Well, it’s a big deal when shooting a wedding with 1080 60 and then 1080 120 for those special cinematic moments. I had to wait for the camera to cool down just to get a cinematic sequence in a vineyard. A 5 min shoot took 15 min. To break it down, I shoot roughly 10% percent of 1080 120, 65% 1080 60, and then 1080 24 for 25%. 

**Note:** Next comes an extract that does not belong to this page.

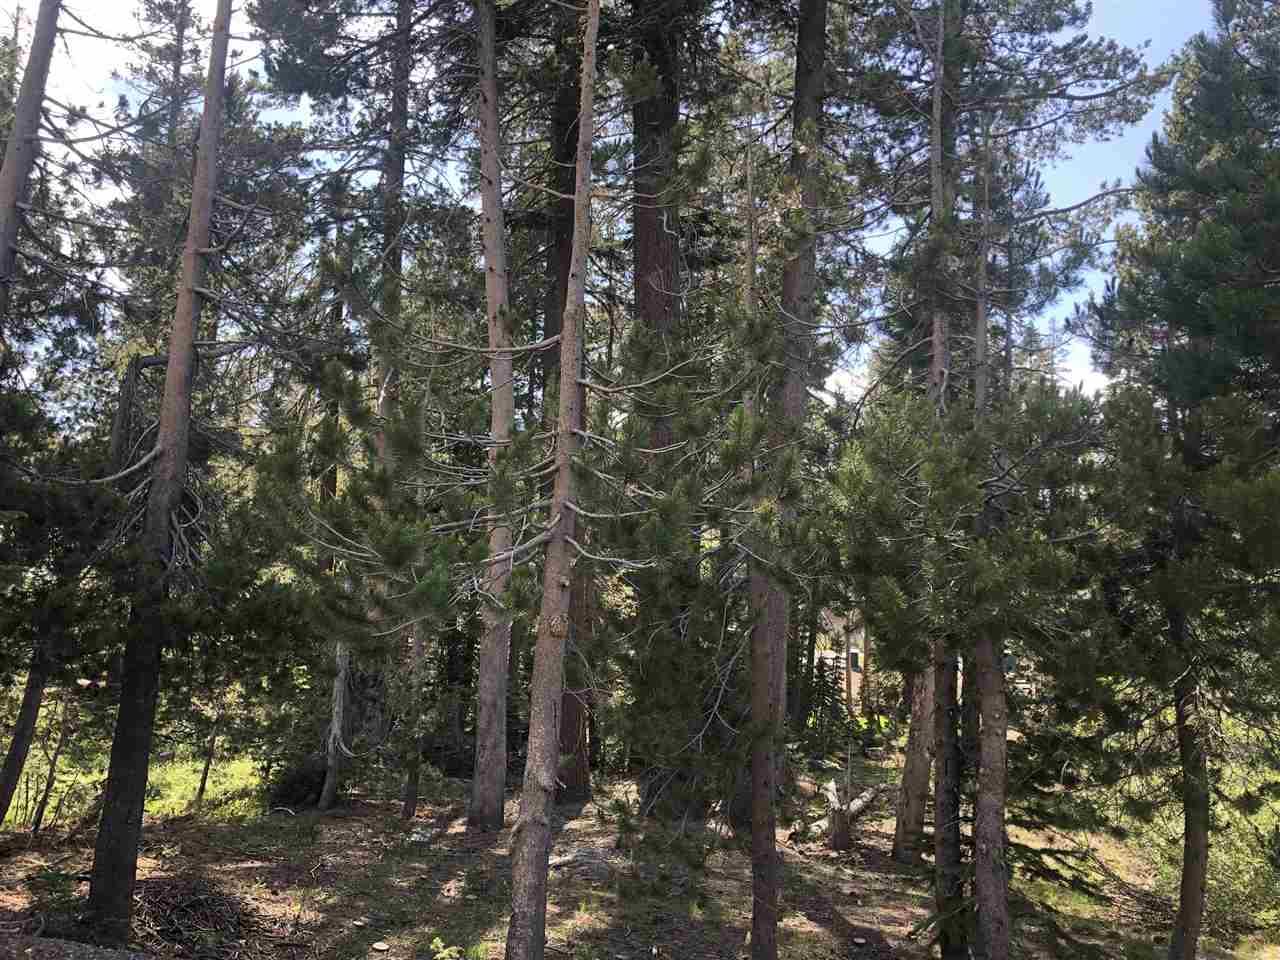 Image for 8161 Soda Springs Road, Soda Springs, CA 95728

This has to be a timer issue. The camera wasn’t that hot compared to 8K and 4k 120. The weather was around 85-90 ish, yet it overheated and would reset once the camera was turned off and back on after 30 seconds “ish”.


----------



## foxfender (Jul 3, 2021)

Phillips88 said:


> R5c is exactly what I need… if it has built in ND’s and less overheating at minimum.
> 
> Otherwise I will just stick with my two R5’s.
> 
> ...


That’s the kind of comments that freak me out. Did you try shooting with an external recorder?


----------



## h2so4 (Jul 3, 2021)

foxfender said:


> Can’t wait, I have a project in a couple of weeks with days long shooting and I already sold my last camera and bought the Ninja, so I just miss the new camera now. Need to make a choice tomorrow, either buy the R5, pray it doesn’t overheat on me and resell it when the R5C is out, or just buy an A1. I’ll buy a whole set of native lenses with either and the total amount spent camera included will be the same in either case, but once I’d have done that I guess I’ll be in one ecosystem (Sony or Canon) for a long time. I crave for the superior IBIS and DCI of Canon, on the other side I’d have the state of the art 50mpx stacked sensor non-8Kraw non DCI capable, non-overheating but reliable, less “cinematic” more “video” and photography killer machine. I have been hesitating for weeks, because one way or another, it will be one brand for years. Tough choice


So you have an important shoot coming up and you have sold your last camera and you have been hesitating for weeks on what to buy, well first off I'm glad I didn't hire you. Your going to go into an important shoot with a system and lenses that you are unfamiliar with. I hope you're not charging for this shoot. In the weeks that you have been deciding you could have rented both systems and seen for yourself which one was going to suite your needs.


----------



## privatebydesign (Jul 3, 2021)

foxfender said:


> I don’t mean to be rude but would you actually read before posting you would not add to the garbage. I never said anybody stated his R5 STOPPED taking stills, I said they got overheating issues shooting stills (like, the camera overheats, shows an overheat warning, reduces the timer for possible video shooting, and even possibly degrades the quality of the stills - that last one I didn’t check about it but I assume it would be related to noise amount of some sort as typical as overheating digital sensor can produce but again, i didn’t check further about that specific last claim)
> 
> here’s one random picked comment:
> 
> ...


That does not support what I said, yet you are telling me to read before posting.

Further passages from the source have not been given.